Hello, dear friend, you can consult us at any time if you have any questions, add WeChat: THEend8_
MGT 205 R Project - Output
Overview
In this project, you will use a data set of property values from
2007 - 2019. The data contain sales prices for houses and units
with 1, 2, 3, 4, and 5 bedrooms.
The data are: date of sale; price in dollars; property type (unit or house); number
of bedrooms
START HERE
Run the code block below.
library(tidyverse)
## ── Attaching packages ─────────────────────────────────────── tidyverse 1.3.1 ──
## ✓ ggplot2 3.3.5 ✓ purrr 0.3.4
## ✓ tibble 3.1.3 ✓ dplyr 1.0.7
## ✓ tidyr 1.1.3 ✓ stringr 1.4.0
## ✓ readr 2.0.0 ✓ forcats 0.5.1
## ── Conflicts ────────────────────────────────────────── tidyverse_conflicts() ──
## x dplyr::filter() masks stats::filter()

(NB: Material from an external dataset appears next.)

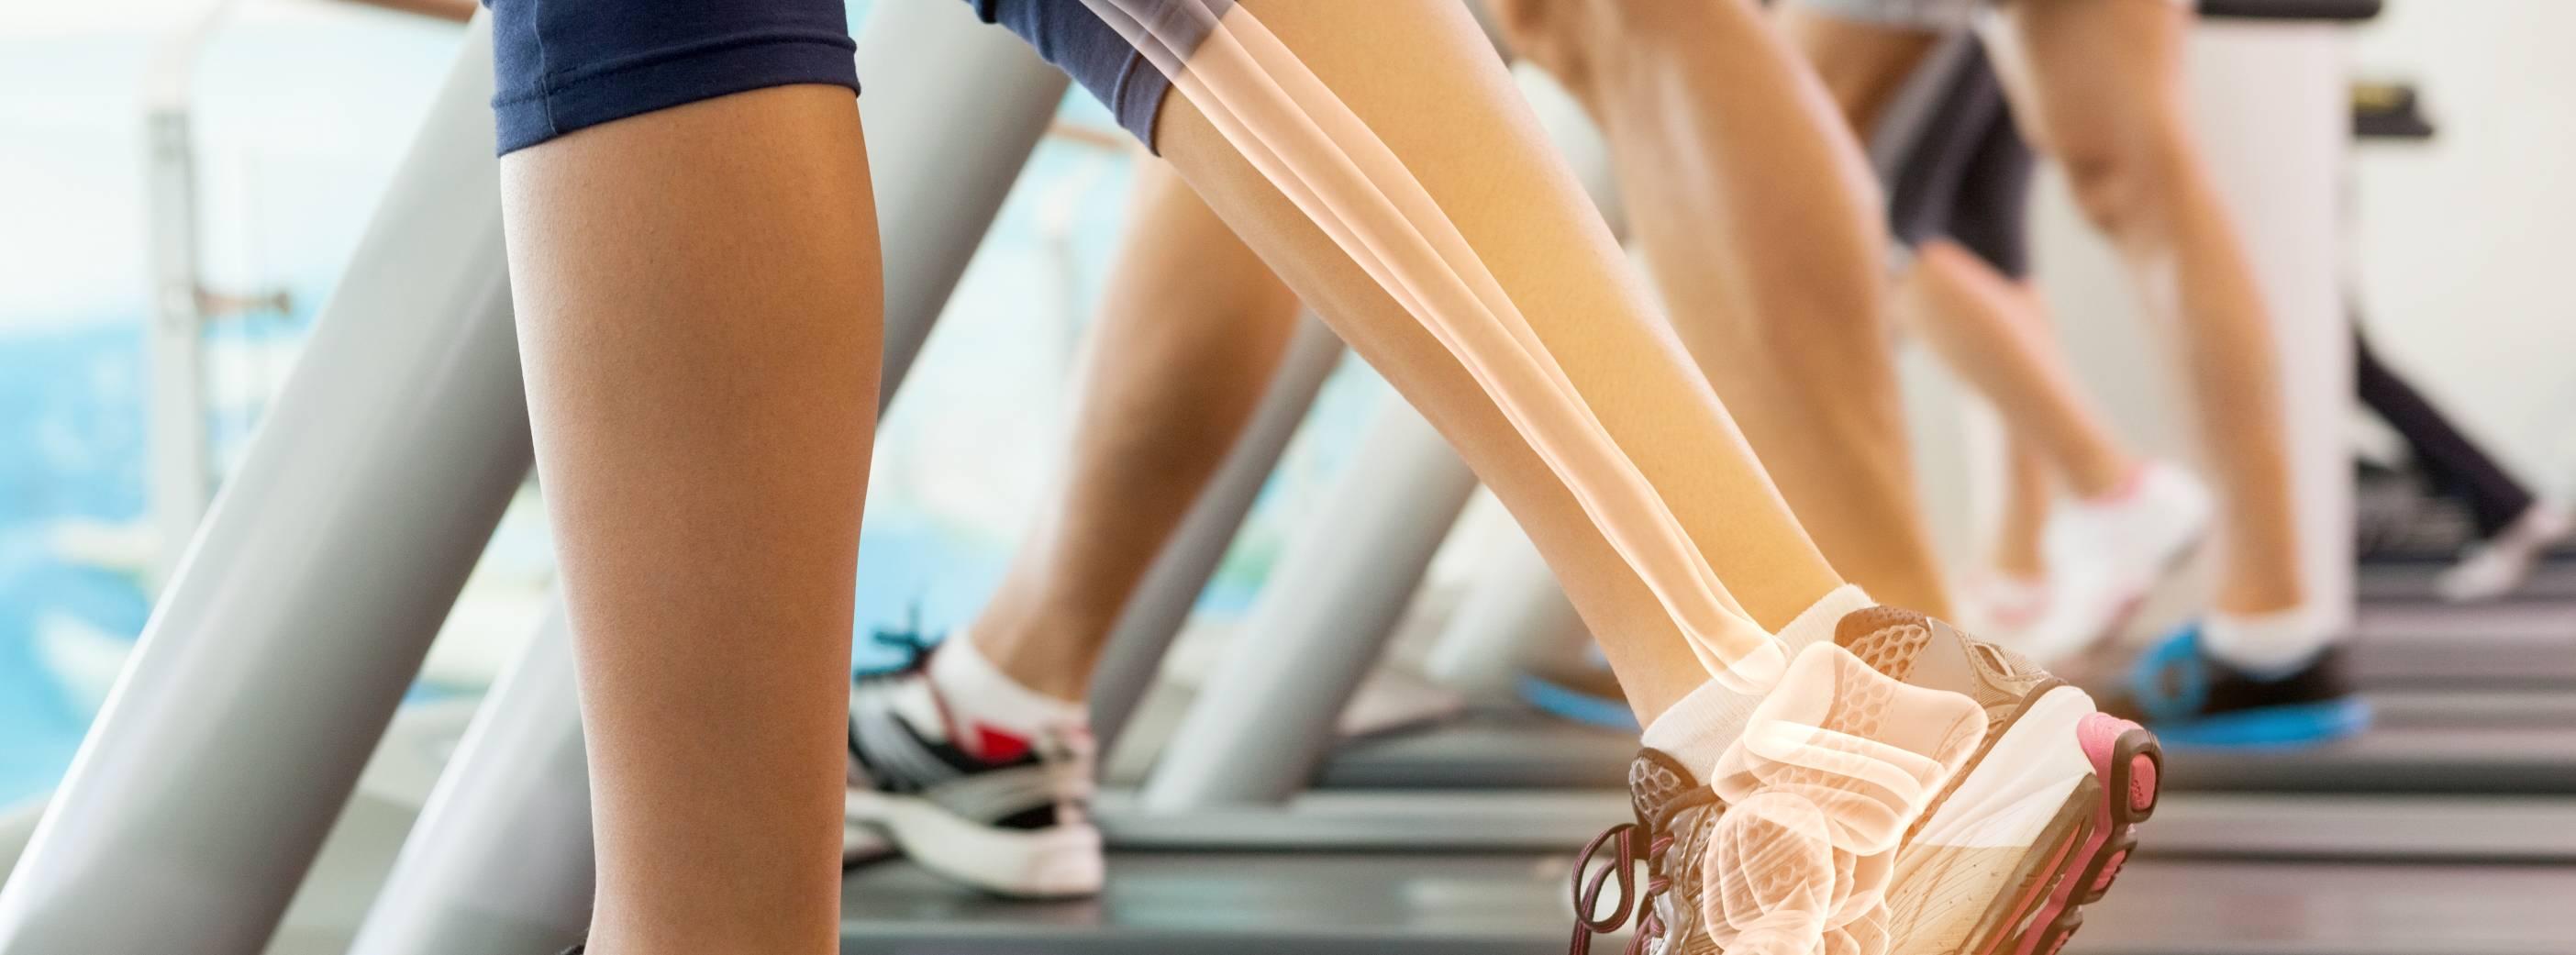 Dna postihuje nejčastěji palce u nohou - byroncaspergolf.com

## x dplyr::lag() masks stats::lag()
Load the property.csv file into a data frame.
prop <- read_csv("property.csv")
## Rows: 347 Columns: 6
## ── Column specification ────────────────────────────────────────────────────────
## Delimiter: ","
## chr (2): saledate, type
## dbl (2): price, bedrooms
## lgl (2): V1, V2
##
## ℹ Use `spec()` to retrieve the full column specification for this data.
## ℹ Specify the column types or set `show_col_types = FALSE` to quiet this message.
1. How many rows and columns are there in the data set?
dim(prop)
## [1] 347 6
2. Calculate the summary statistics for the “price” column.
summary(prop$price)
## Min. 1st Qu. Median Mean 3rd Qu. Max. NA's
## 316751 427681 507596 547434 626106 1017752 1
3. Remove the unwanted variables V1 and V2 from the data set.
Show the head() of your data set to confirm that the unwanted
variables are gone.
prop<-prop[,-(5:6)]
head(prop)
## # A tibble: 6 × 4
## saledate price type bedrooms
##
## 1 30/06/2007 421291 house 3
## 2 30/06/2007 548969 house 4
## 3 30/06/2007 368817 unit 2
## 4 30/06/2008 441854 house 2
## 5 30/06/2008 419628 house 3
## 6 30/06/2008 559580 house 4
4a. Are there any NA values in the data set?
any(is.na(prop))
## [1] TRUE
4b. If any NA values are in the “price” column, replace it with the
mean price.
prop$price[which(is.na(prop$price))] <- mean(prop$price, na.rm = TRUE)
4c. If any NA values are in any of the other columns, remove the
entire row from the data set.
prop<-na.omit(prop)
4d. Show that there are no more NA values in the data set.
any(is.na(prop))
## [1] FALSE
5. Rename the “saledate” column to “date”. Show the head() of
your data set to confirm the change.
colnames(prop)[1]<-"date"
head(prop)
## # A tibble: 6 × 4
## date price type bedrooms
##
## 1 30/06/2007 421291 house 3
## 2 30/06/2007 548969 house 4
## 3 30/06/2007 368817 unit 2
## 4 30/06/2008 441854 house 2
## 5 30/06/2008 419628 house 3
## 6 30/06/2008 559580 house 4
6. Run the code below to convert the variable “bedrooms” into a
factor variable using the as.factor() function. Replace “prop” in
the code with whatever you called your data set. You do not need
to do anything else in this question after you edit and run the
code.
prop$bedrooms<-as.factor(prop$bedrooms)
7a. Calculate and show the mean price of the house properties
and unit properties.
prop %>% group_by(type) %>% summarise(mean_price =mean(price))
## # A tibble: 2 × 2
## type mean_price
##
## 1 house 626587.
## 2 unit 439743.
7b. Display the two values from 7a as a bar chart. Be sure to
include useful information to help understand your chart.